The task -> Using the records below, quote only the span that opens with the line containing "Jade de Klerk DT20" and closes with the line containing "Funck-Brentano, O.Guillonnet, édition", exactly and inclusively.

Provided data ->

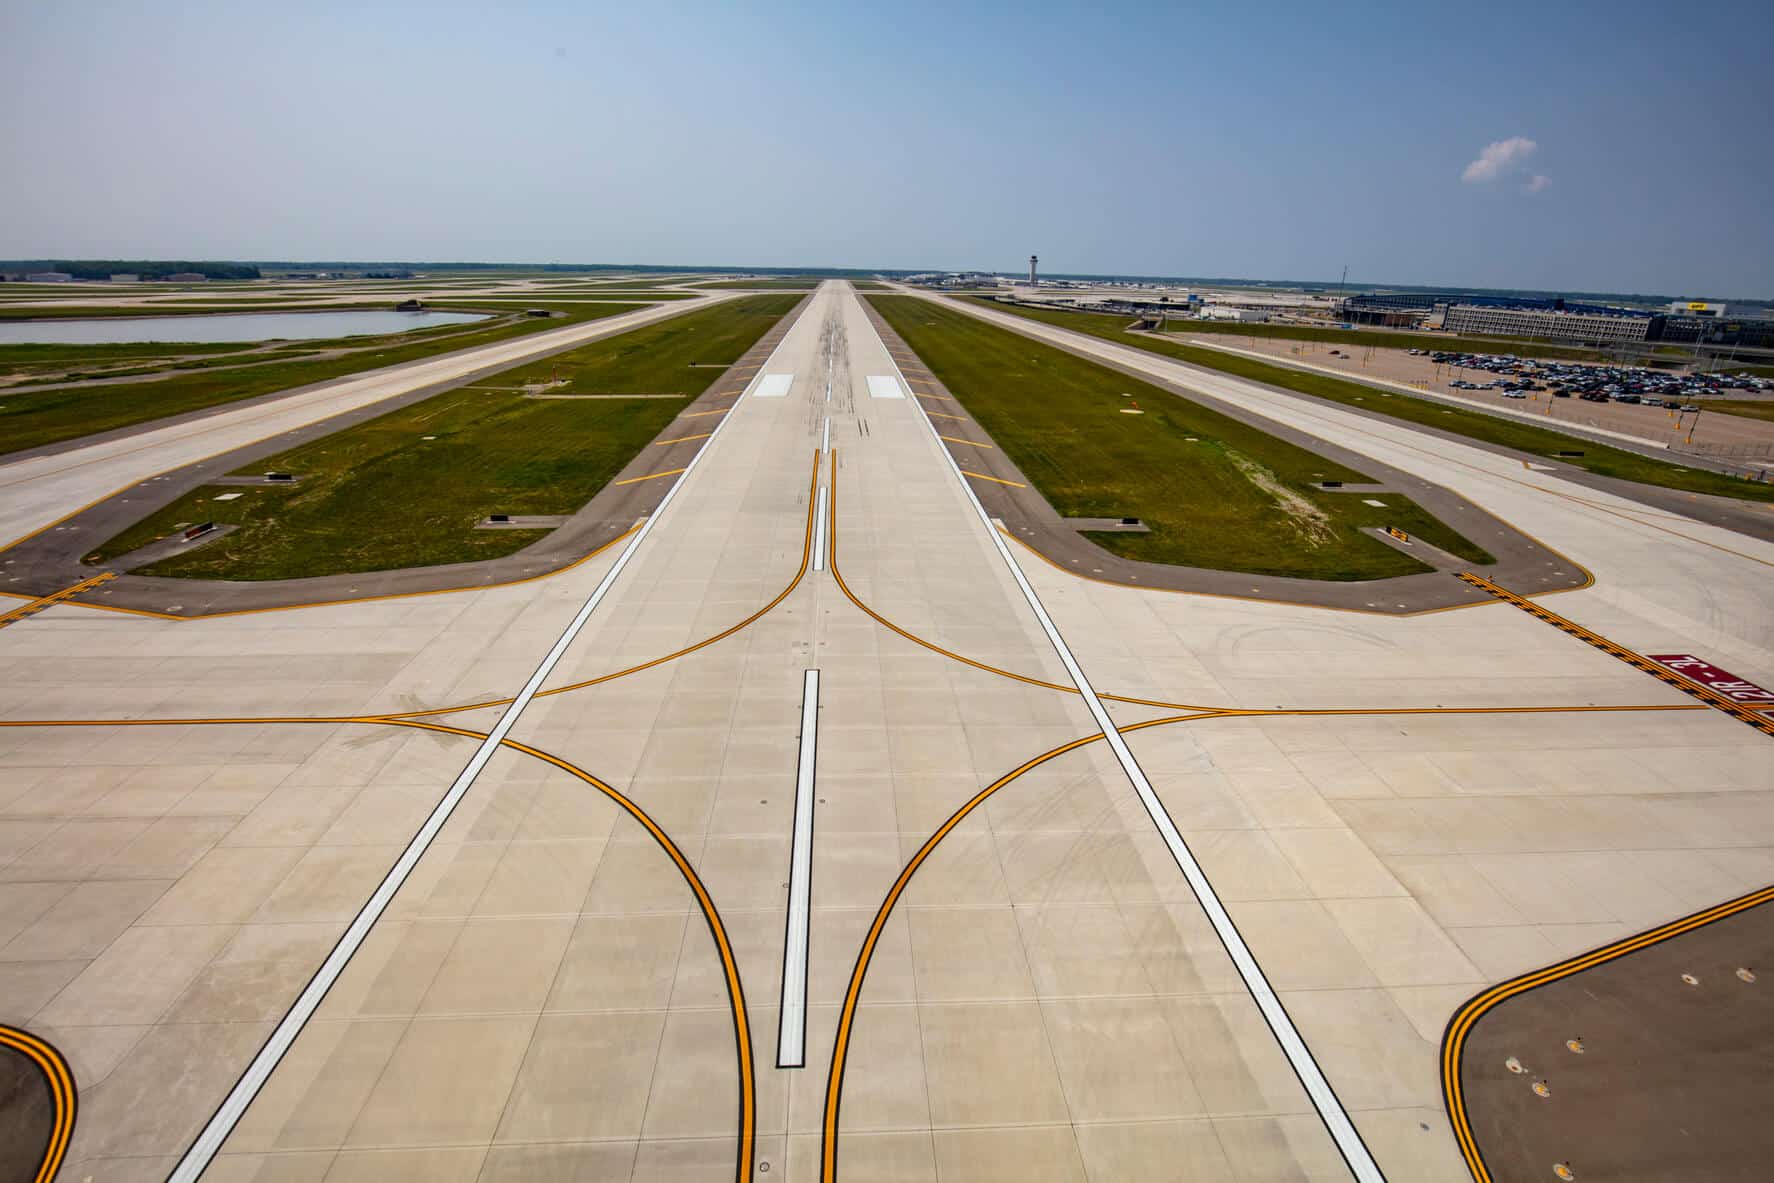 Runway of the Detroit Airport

...

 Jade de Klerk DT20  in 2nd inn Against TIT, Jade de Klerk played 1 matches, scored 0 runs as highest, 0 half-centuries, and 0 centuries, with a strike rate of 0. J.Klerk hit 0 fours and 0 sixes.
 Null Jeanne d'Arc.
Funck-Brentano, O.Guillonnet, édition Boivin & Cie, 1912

* * *

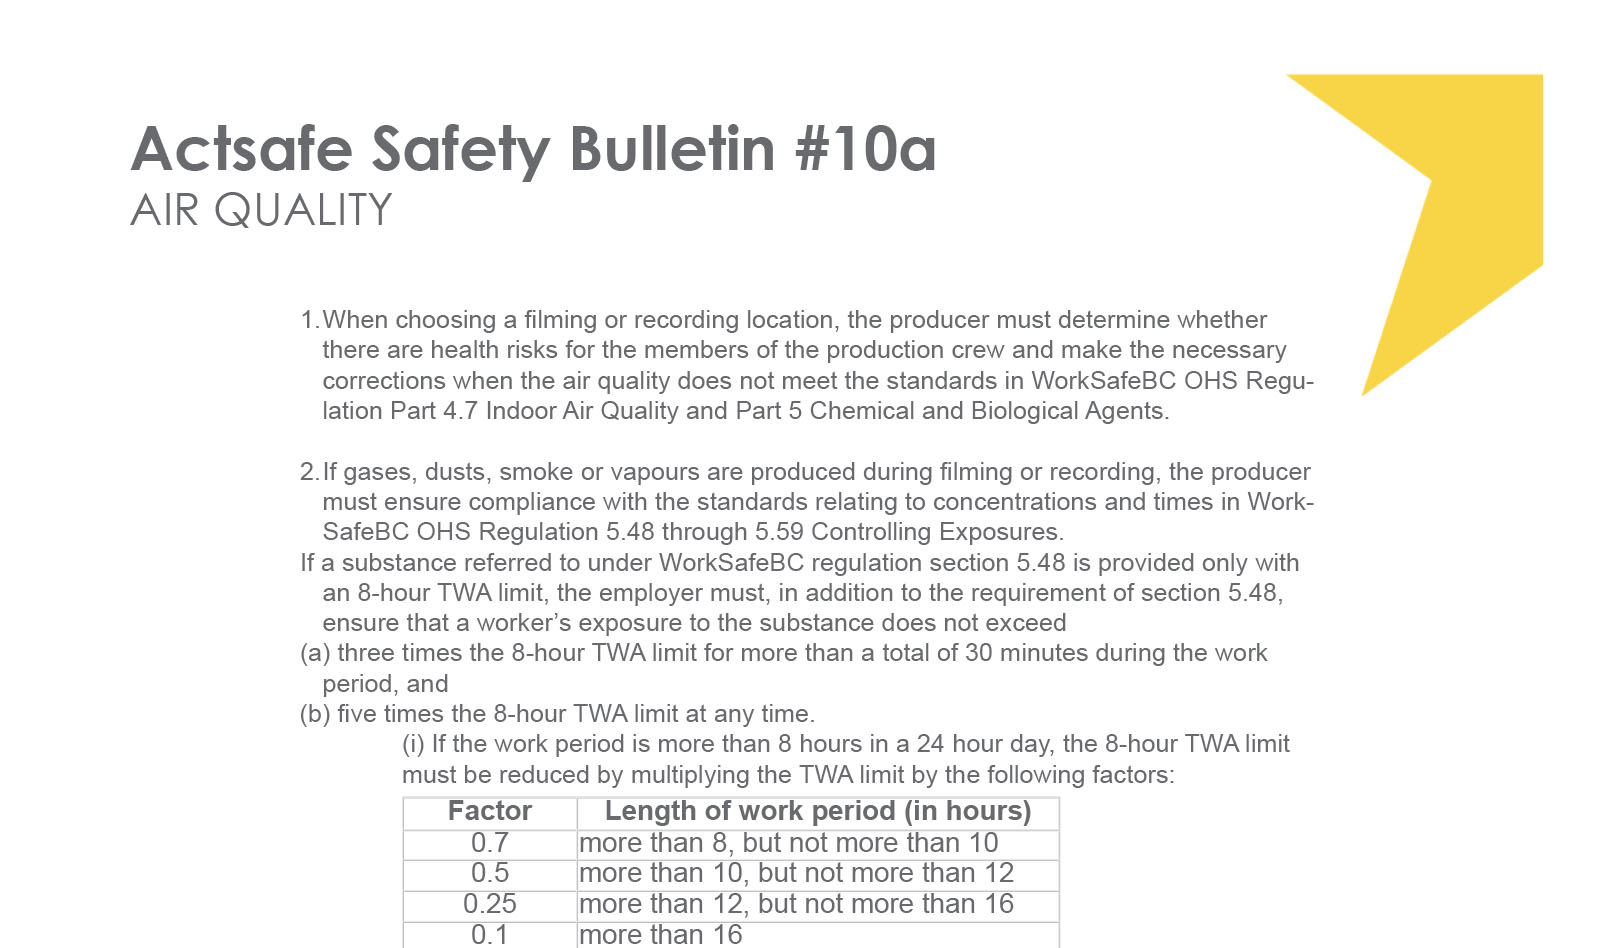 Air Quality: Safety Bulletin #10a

Output below ->
 Jade de Klerk DT20  in 2nd inn Against TIT, Jade de Klerk played 1 matches, scored 0 runs as highest, 0 half-centuries, and 0 centuries, with a strike rate of 0. J.Klerk hit 0 fours and 0 sixes.
 Null Jeanne d'Arc.
Funck-Brentano, O.Guillonnet, édition Boivin & Cie, 1912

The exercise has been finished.